二月下旬,涿州以北,漳水南岸的缓冲地带。
春寒依旧料峭,枯黄的草地尚未完全返青,几处残留的冬雪点缀在背阴的土坡和沟壑间。
这片土地,往年此时或许只有零星的牧民和商队经过,而今却充满了肃杀的气息。
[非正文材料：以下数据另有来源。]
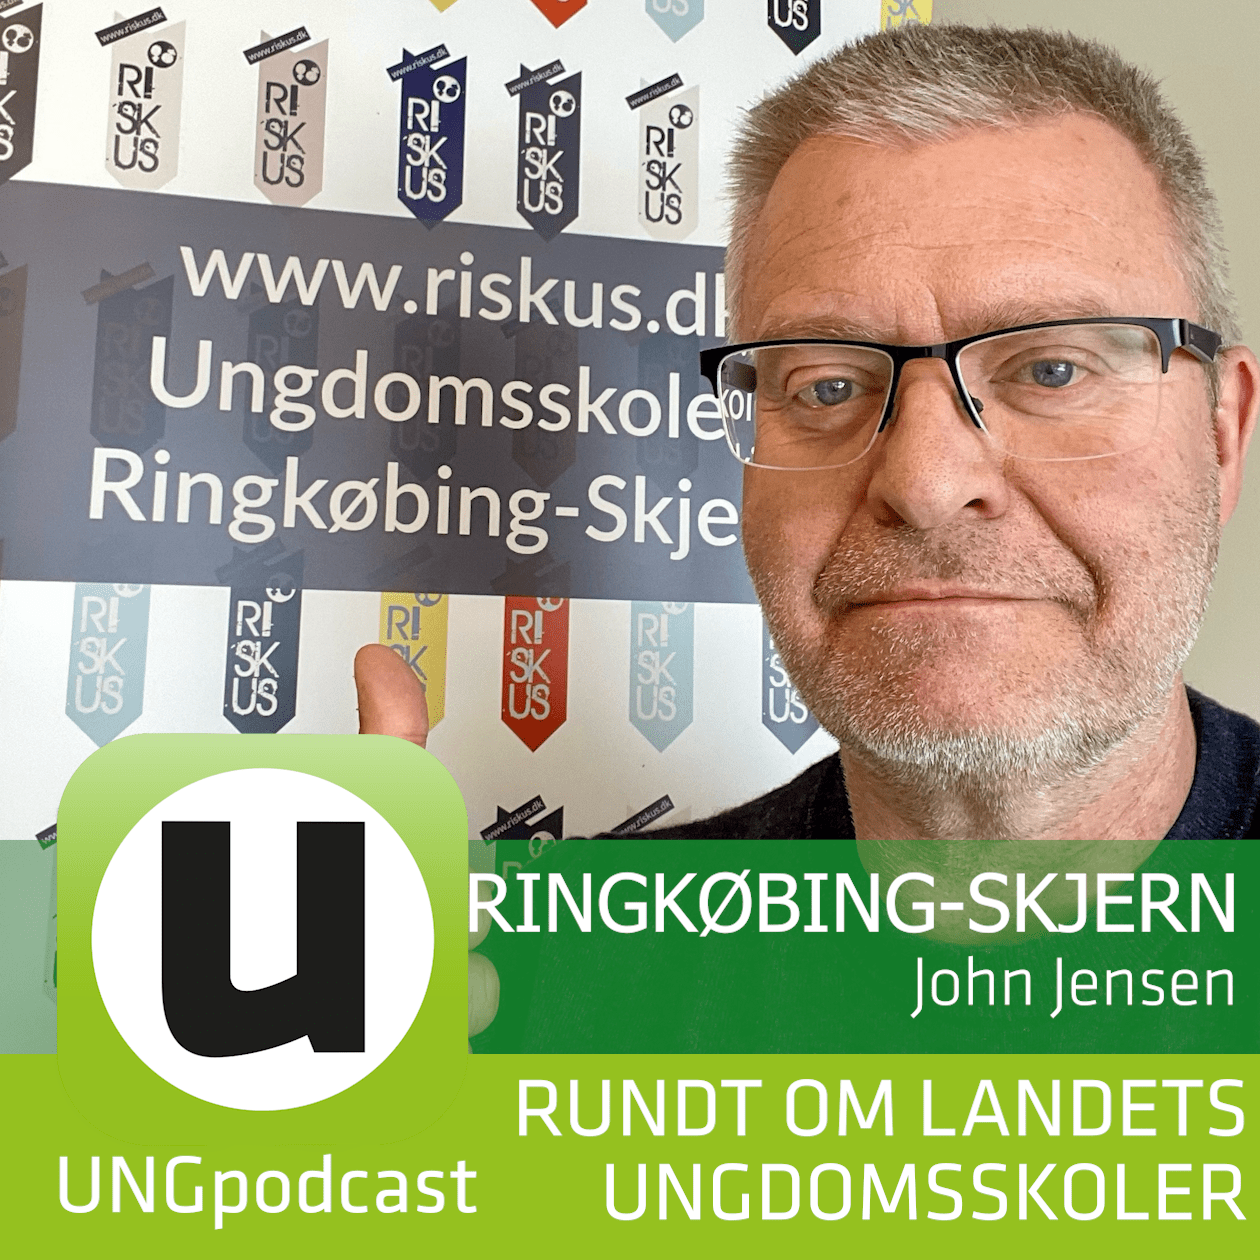 Podcast ikon #010 Ringkøbing-Skjern John Jensen

这里是唐军北上的必经之路,也是燕军幽州防线的南部前哨。
清晨,薄雾尚未完全散去。一支十人编制的唐军斥候小队,正沿着一条干涸的河床,小心翼翼地策马向北探索。
他们是英国公李世勣麾下并州边军的老兵,经验丰富,眼神锐利,像警觉的狐狸一样扫视着周围的地形——土丘、灌木丛、稀疏的树林。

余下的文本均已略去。